Action item - Exactly reproduce the lines from the line bearing "elbow plank formation" through the end of the listing, inclusive of both; pictures are to be omitted.

Data shown -
........

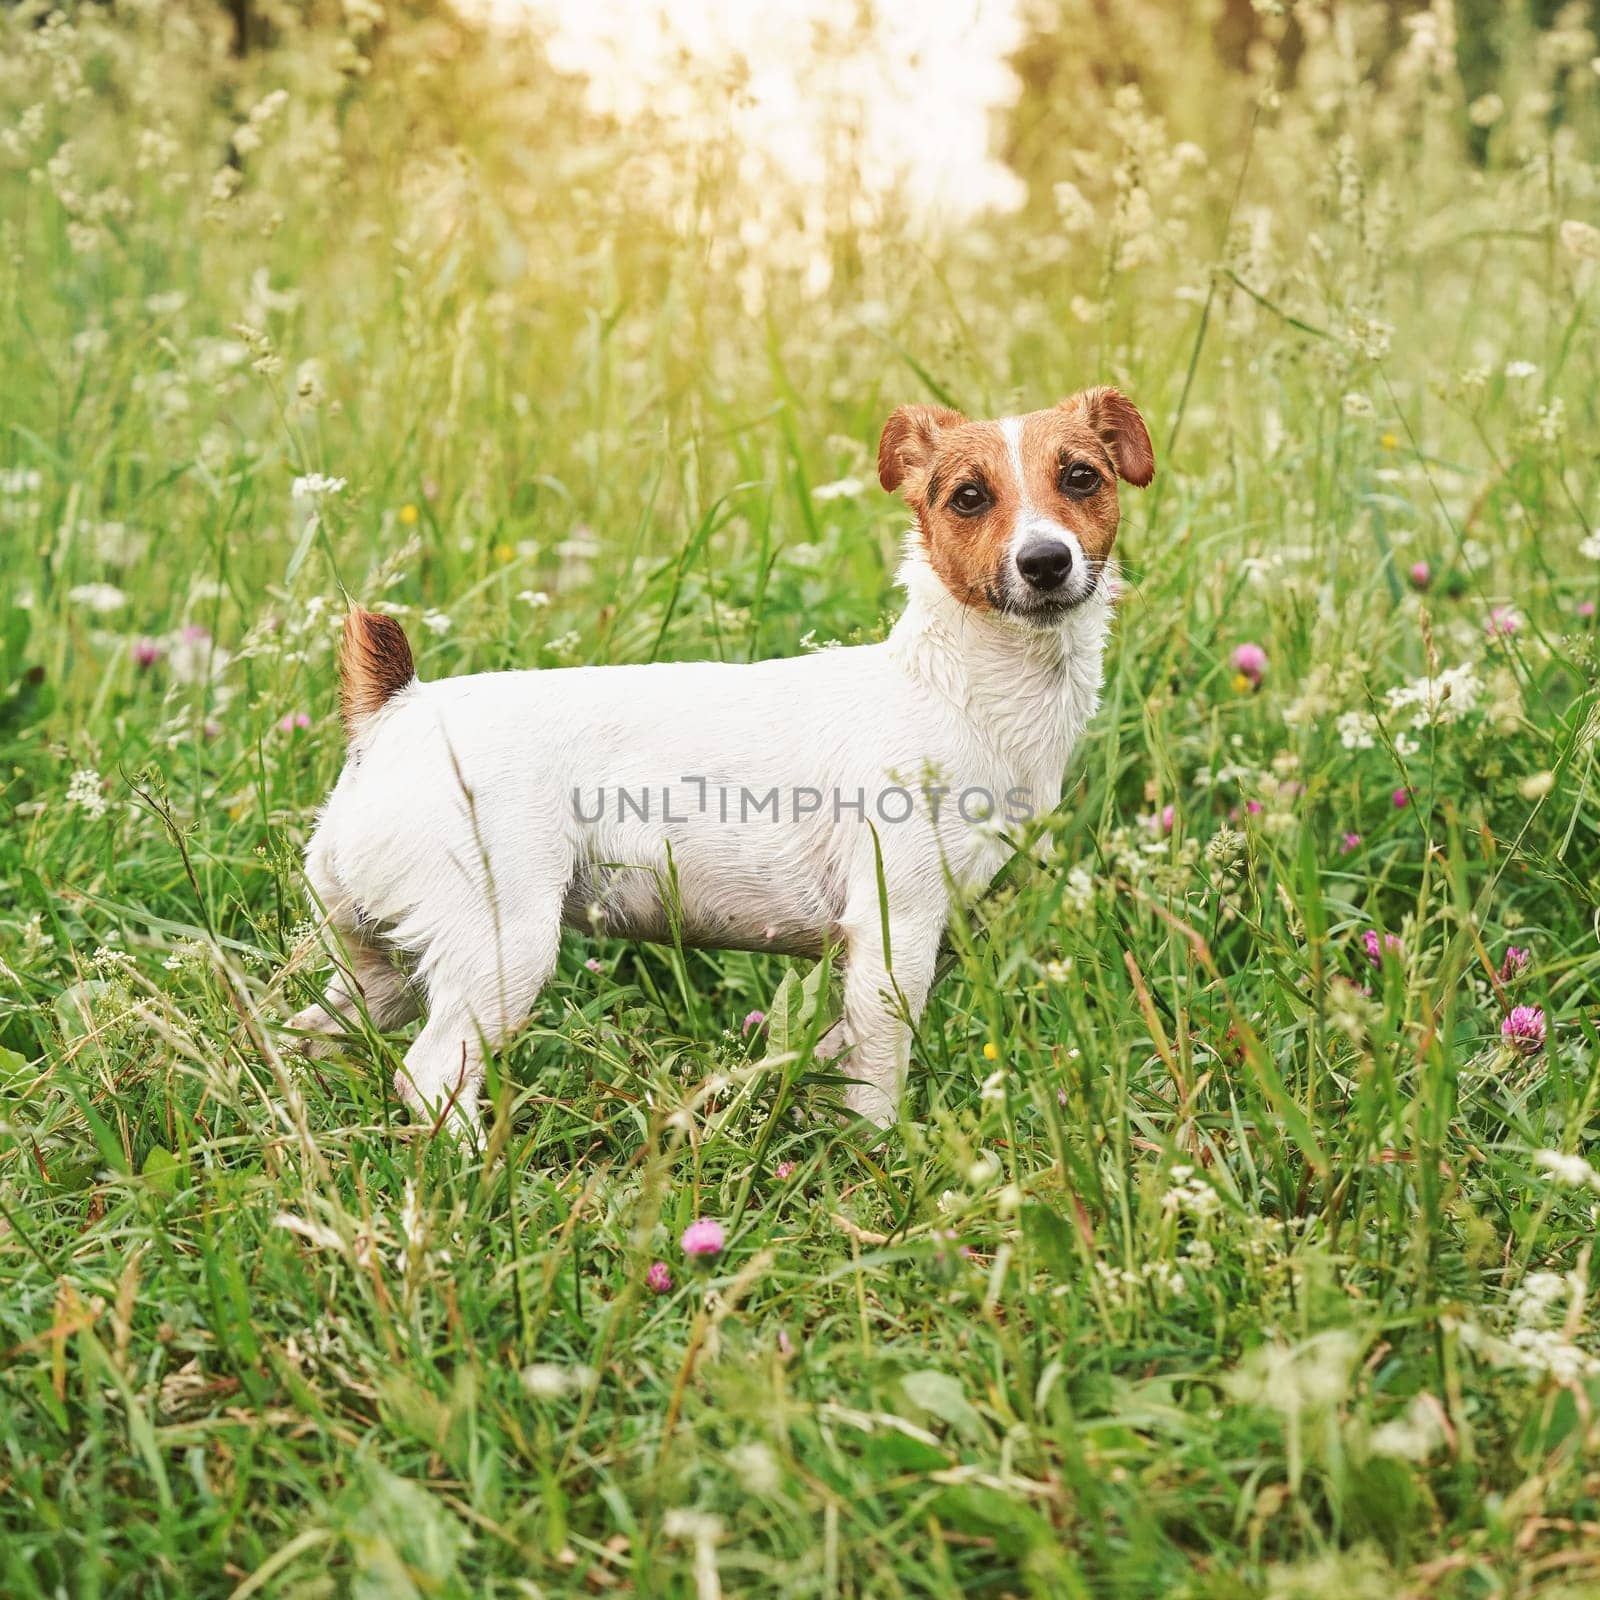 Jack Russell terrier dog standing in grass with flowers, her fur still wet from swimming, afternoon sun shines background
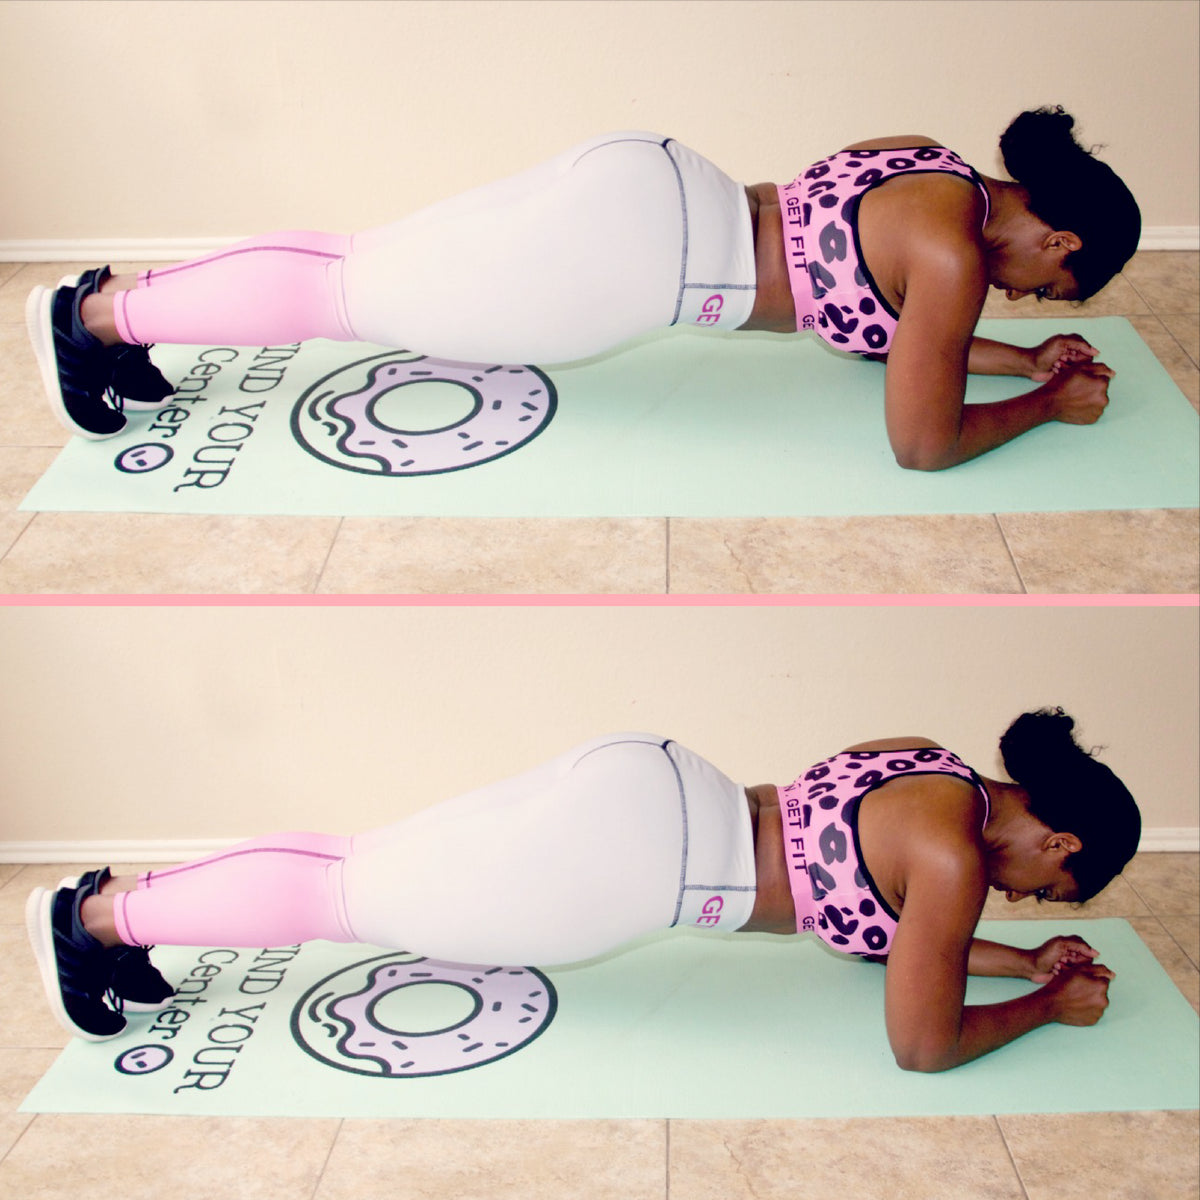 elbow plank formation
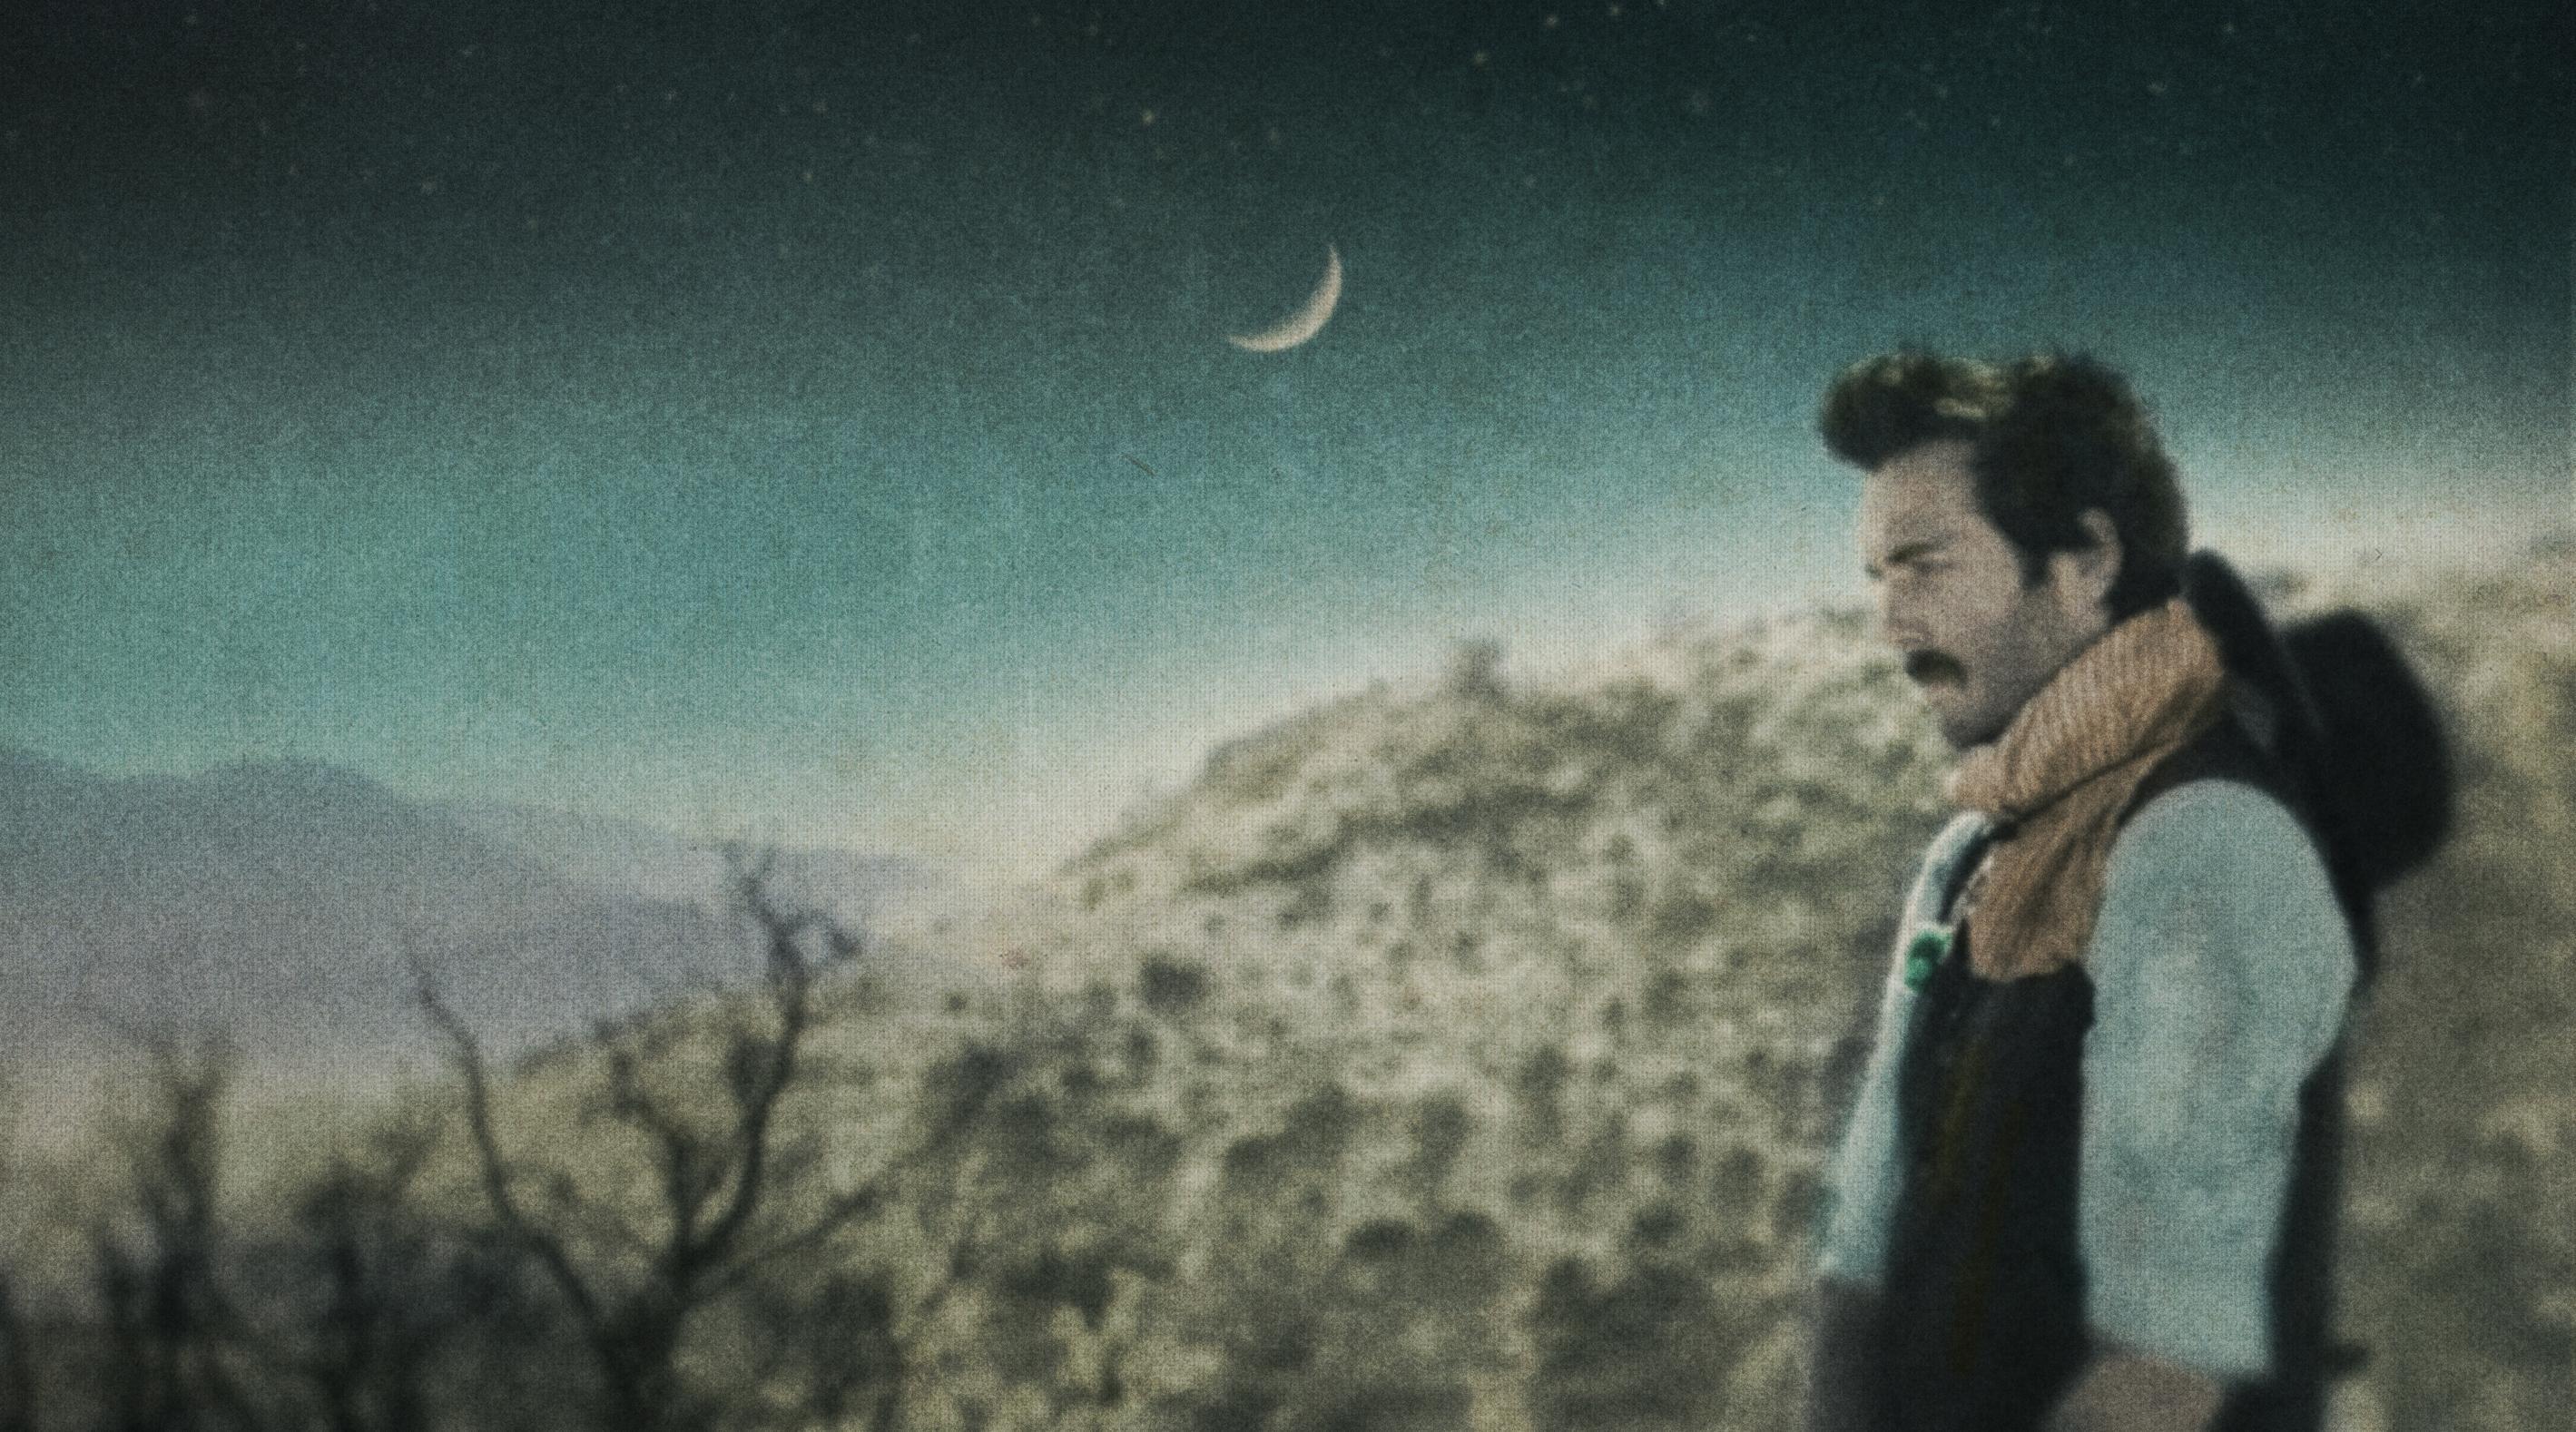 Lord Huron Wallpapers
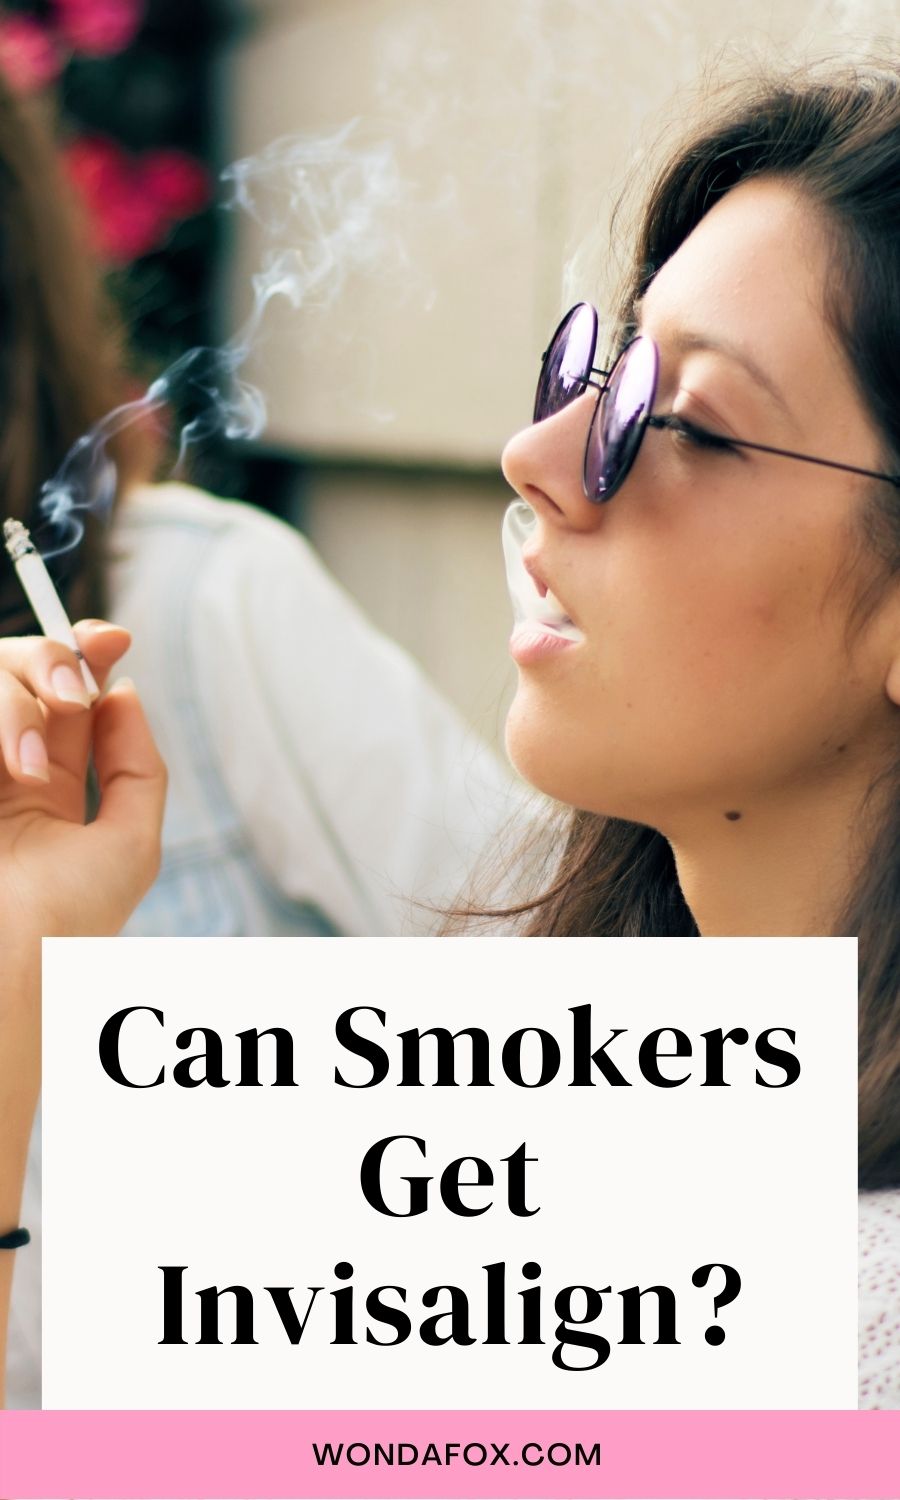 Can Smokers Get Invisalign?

........

Answer to this task -
 elbow plank formation
 Lord Huron Wallpapers
 Can Smokers Get Invisalign?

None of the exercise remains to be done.